Structure In An Unstructured World

By Adrian Sutton

August 28, 2007

There’s a constant argument over whether data should be structured or unstructured in content management and knowledge management systems. The key advantage of structured data is that it’s easier to process and manage – the system can manipulate and report on the data far more accurately. The downside is that it’s more difficult and frustrating for users to be limited to the specified structure so less data tends to get captured and it can be more difficult to get adoption.

So how do you get the best of both worlds? There’s been a number of approaches taken from Google refining search techniques for unstructured data and a number of other systems attempting to parse natural language to identify dates, appointments and other items. Meanwhile the structured crowd invest in ways to improve user interfaces and define more flexible types of structures.

I think the middle ground looks something like microformats, little bits of structure within a generally unstructured system. The downfall of microformats is that they tend to be way too complex to apply but the concept is sound. There needs to be a focus on making it easy and natural for users to create the right structure. With tool support and appropriate feedback to users the experience can be really smooth while still capturing the vital information. We’ve been playing around with ways to make creating links in our internal wiki easier and I think it’s a reasonably good start towards finding the magical balance. The wiki uses HTML and a WYSIWYG editor to avoid users having to think about markup but having to open up the hyperlink dialog just to link to another page gets in the way on a wiki, so we’ve preserved the ability to use wiki markup and put the page name in square brackets. This is good, but looks ugly and doesn’t provide feedback on whether or not the user got the pattern right.

The second iteration added a plugin to the editor that automatically identified correctly formatted wiki links and converted them to real hyperlinks, so when the user hits ‘]’, the link switches over giving them clear indication that they got the pattern right and showing them the results. The main problem at the moment is that if they enter a valid pattern that doesn’t do what they want (say they get the display text and the link target mixed up), it’s not simple enough to correct the mistake because what they’ve typed has now completely changed. Undo works but the backspace key doesn’t yet and it probably should.

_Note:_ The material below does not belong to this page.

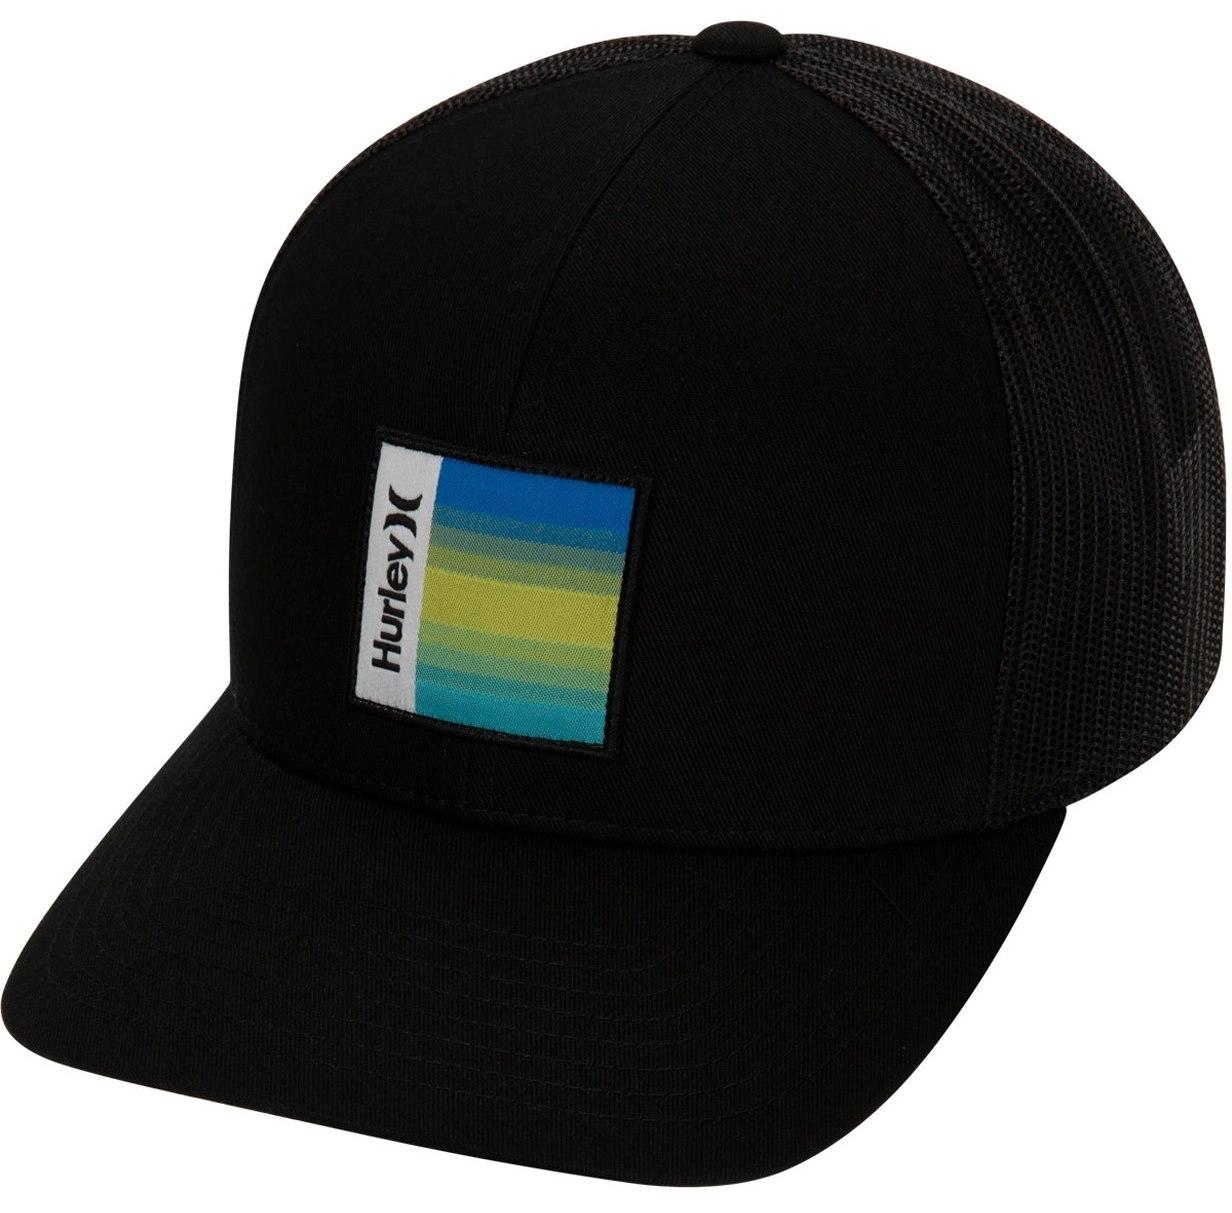  Seacliff Snapback Hat - Black
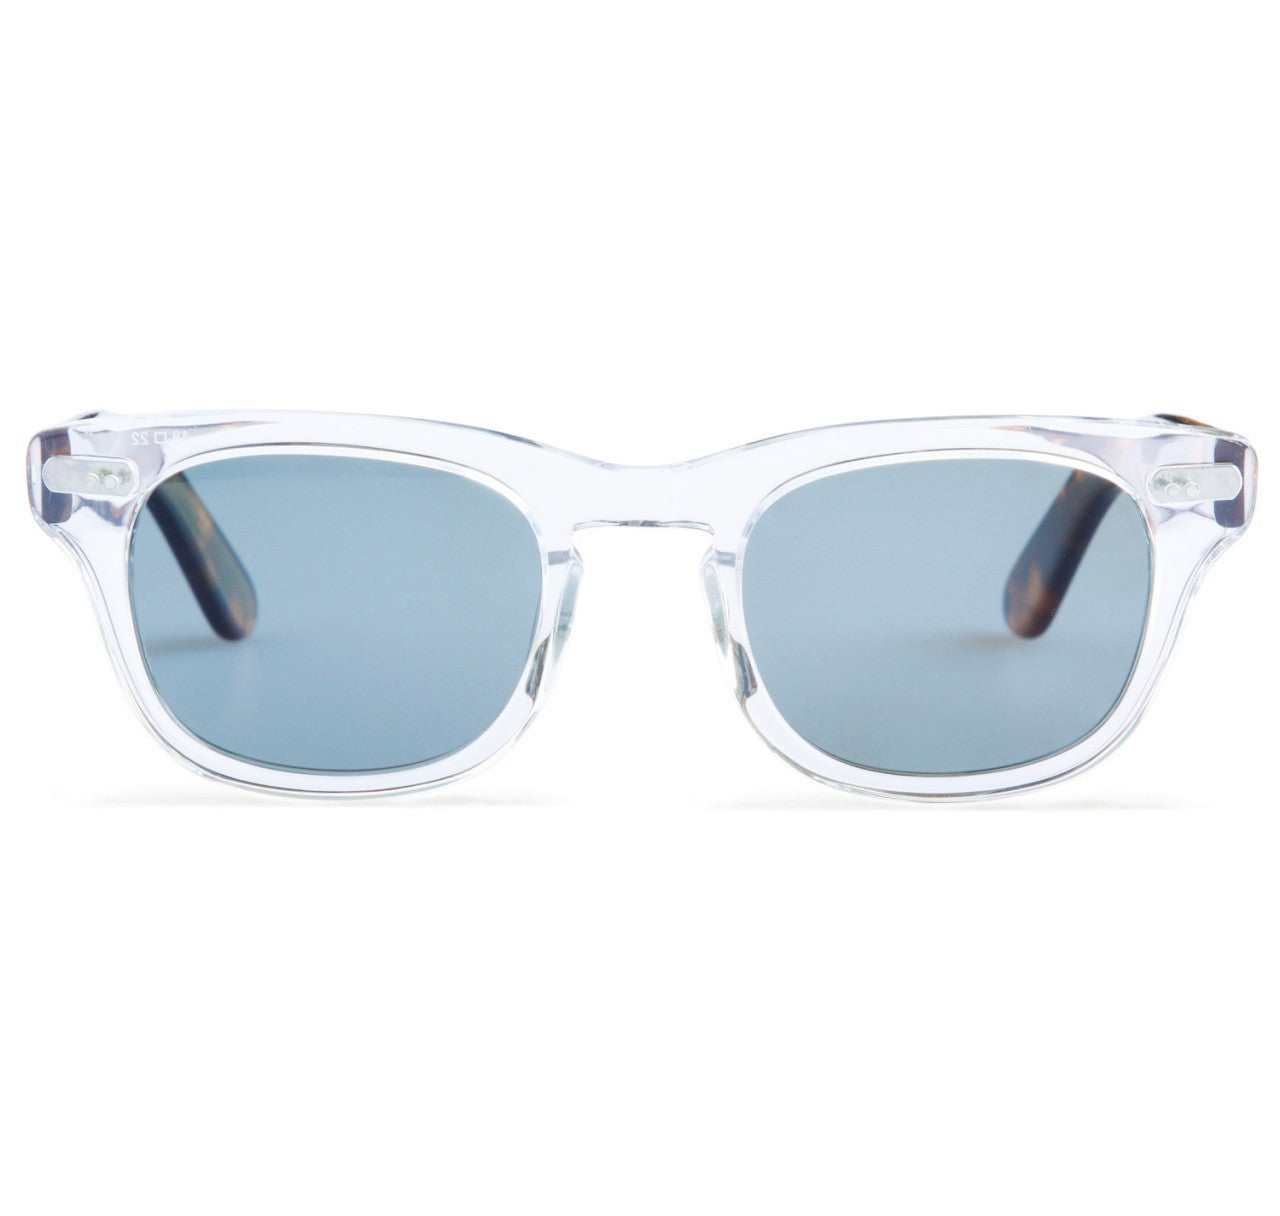 Shuron Sidewinder Crystal Tortoiseshell Sunglasses

We also need to identify what happens when they edit the text of the link after it has been converted – in many cases they intend the link target to change as well, but not always.

You can imagine this kind of system being extended to task lists and appointments as well – when the system recognizes a date it should mark it appropriate so the user can tell they got the format right and what the results are. For somethings it may be better to use a standard convention like the square brackets – for instance, tasks to be completed might start with an exclamation mark. Simple to type and if appropriate feedback is given simple to use.

The key element is providing clear feedback right inline with the text. Most of the existing systems I’ve seen provide a plain text area and build up a list of things it recognized over to the side. The problem is that the user is focussing on the text they’re writing and not on the list of items the system is building up so they have to keep stopping and looking over to check that it all worked correctly.

There’s a lot of really cool stuff to come out of this area in the future and we’re seeing the start of it in existing systems but I suspect there’s a whole new level to be reached as systems begin to act more and more as intelligent agents that assist the user in getting their work done. The next major challenge that I see is to get the feedback system right so it is clear but not intrusive.